_EXERCISE BRIEF:_ Output, word for word, each line from the one with "Shop Designovation Beatrice" through the end of the listing below, excluding every picture.

_MATERIAL PROVIDED:_

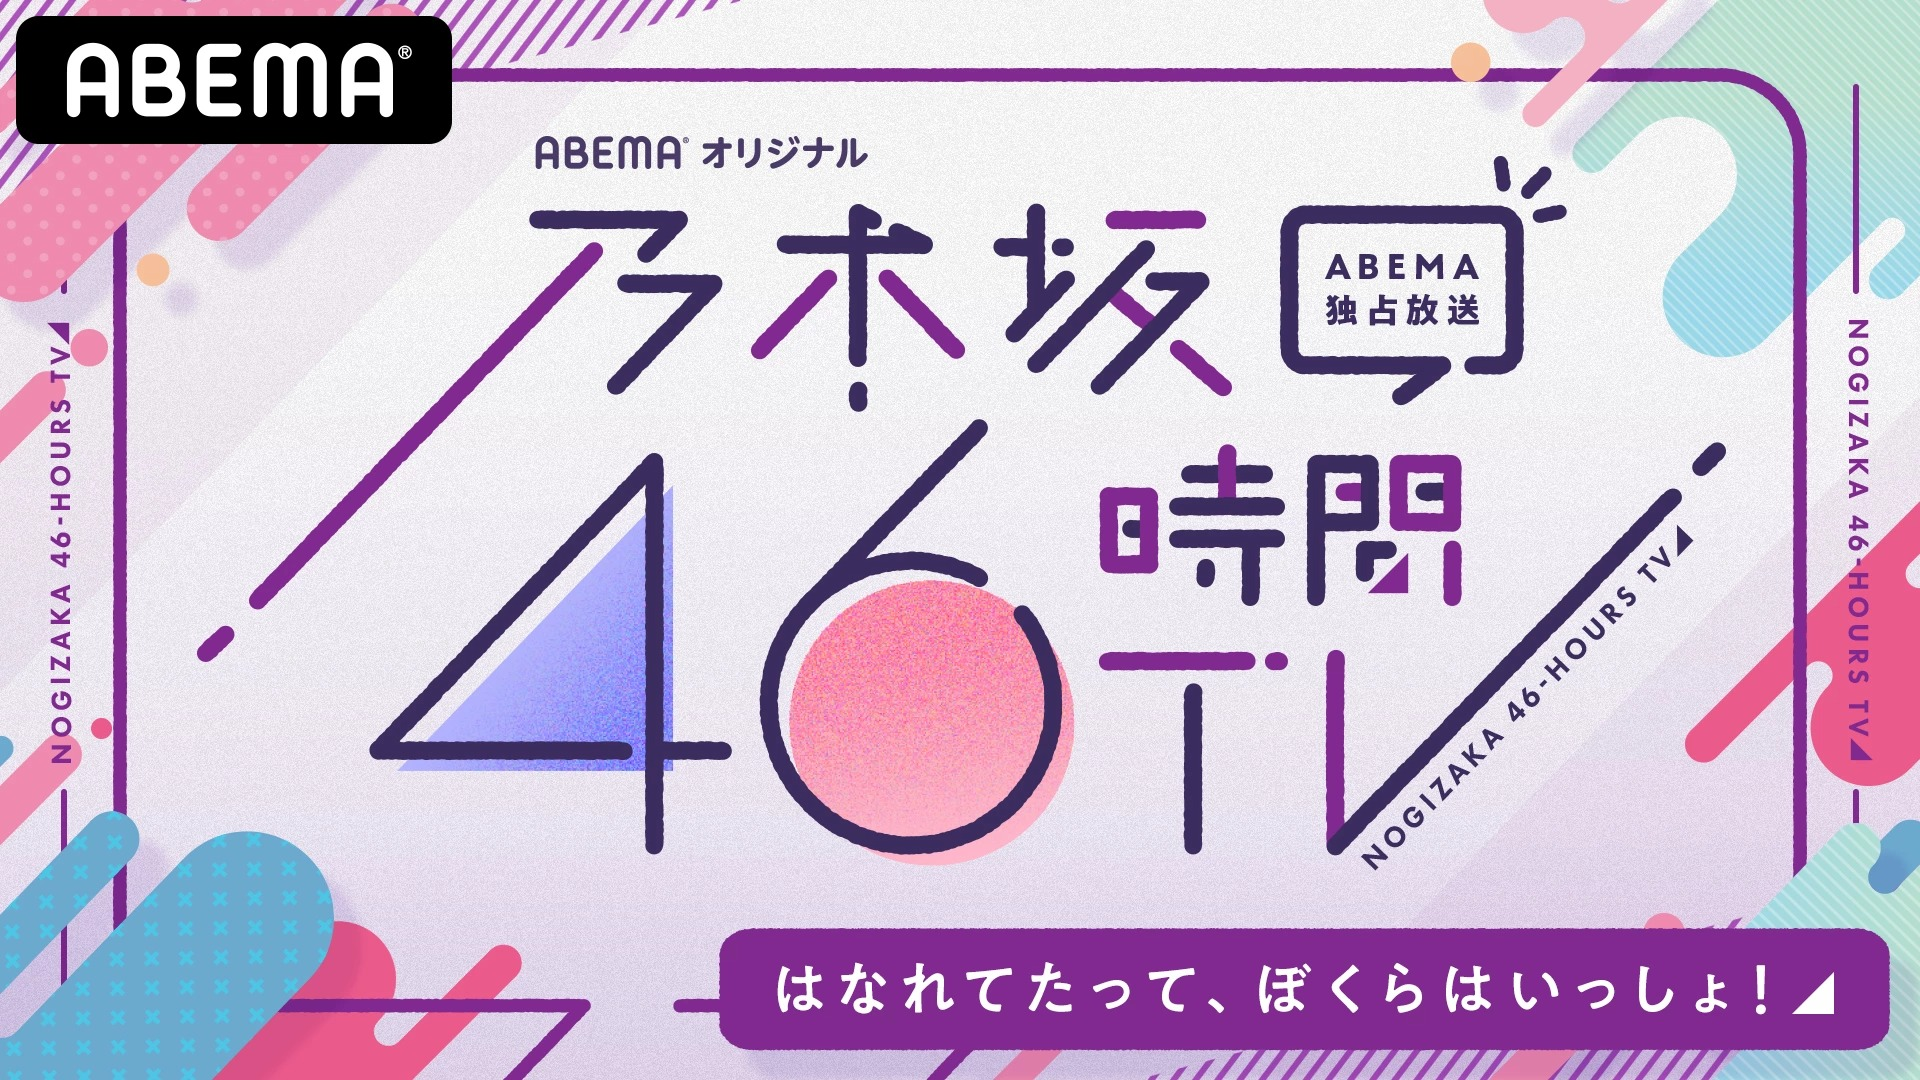 乃木坂46時間TV アベマ独占放送
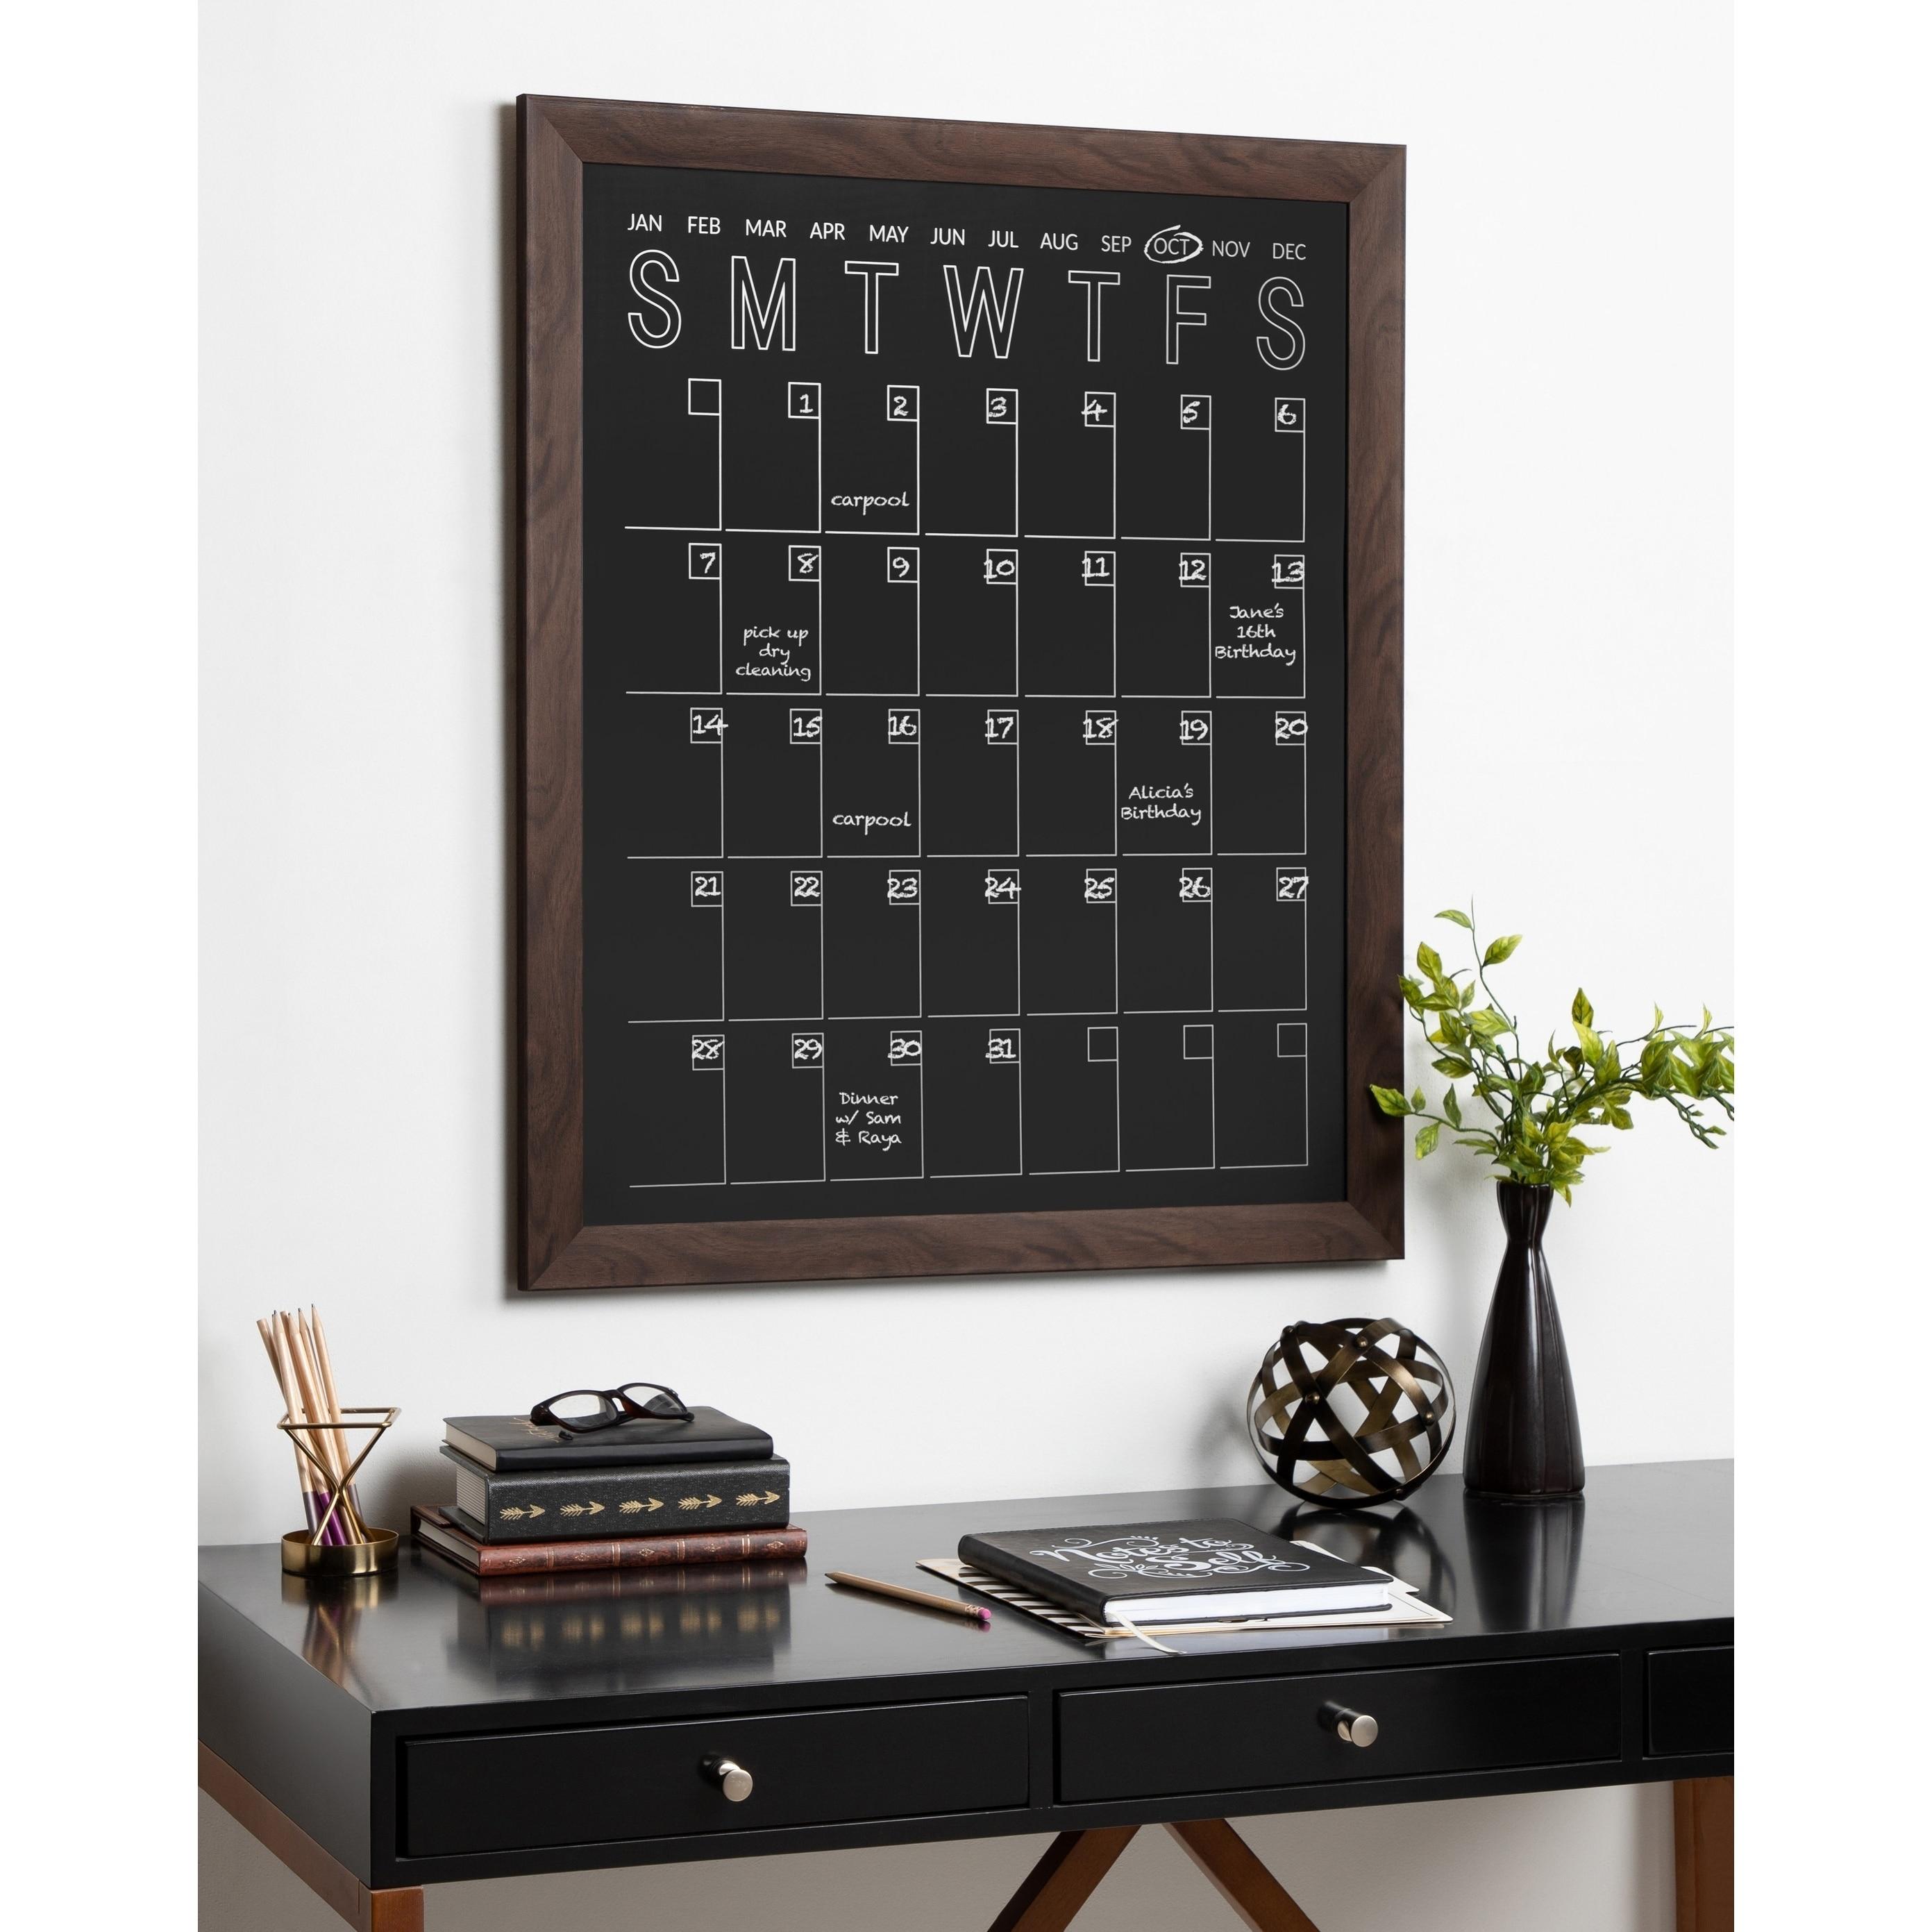 Shop Designovation Beatrice Framed Vertical Magnetic Chalkboard
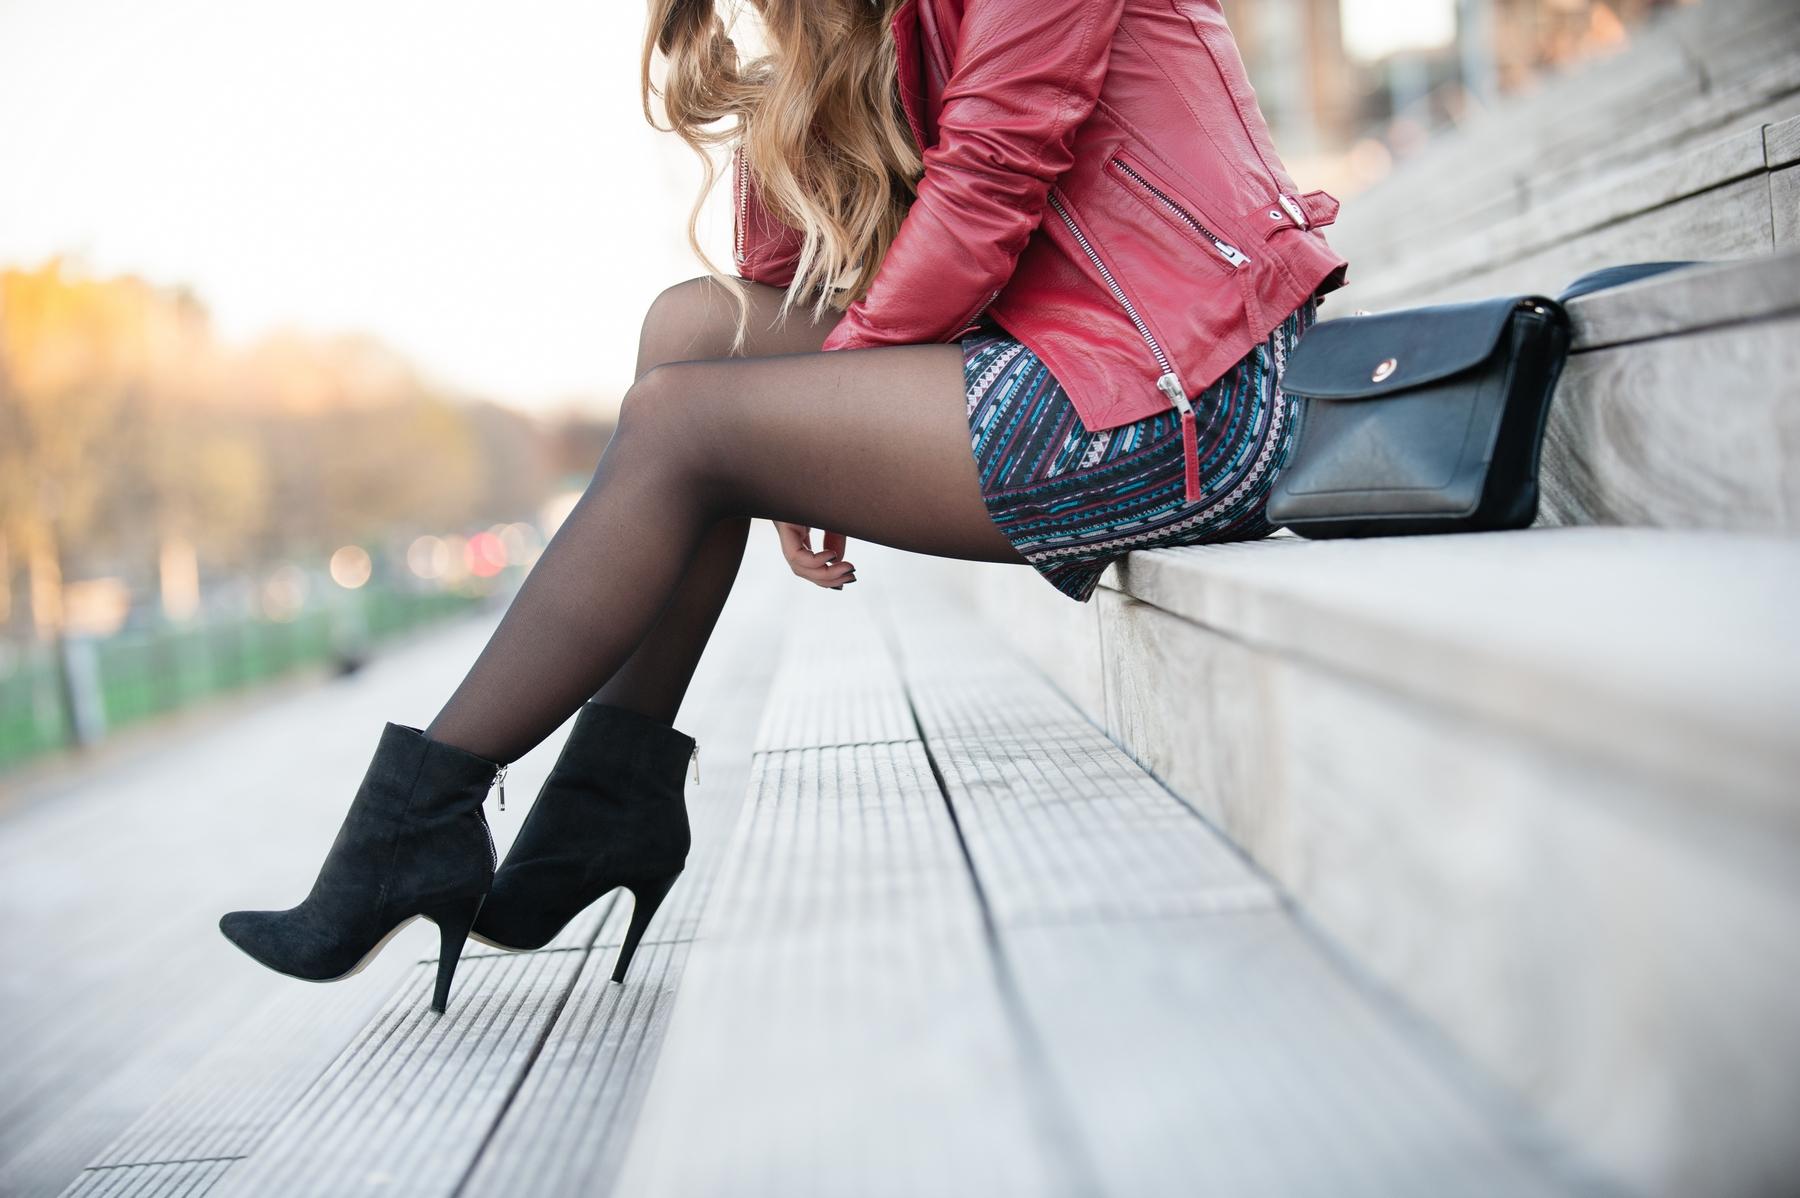 stiletto high heel black low boots pimkie

_WRITTEN ANSWER:_
 Shop Designovation Beatrice Framed Vertical Magnetic Chalkboard
 stiletto high heel black low boots pimkie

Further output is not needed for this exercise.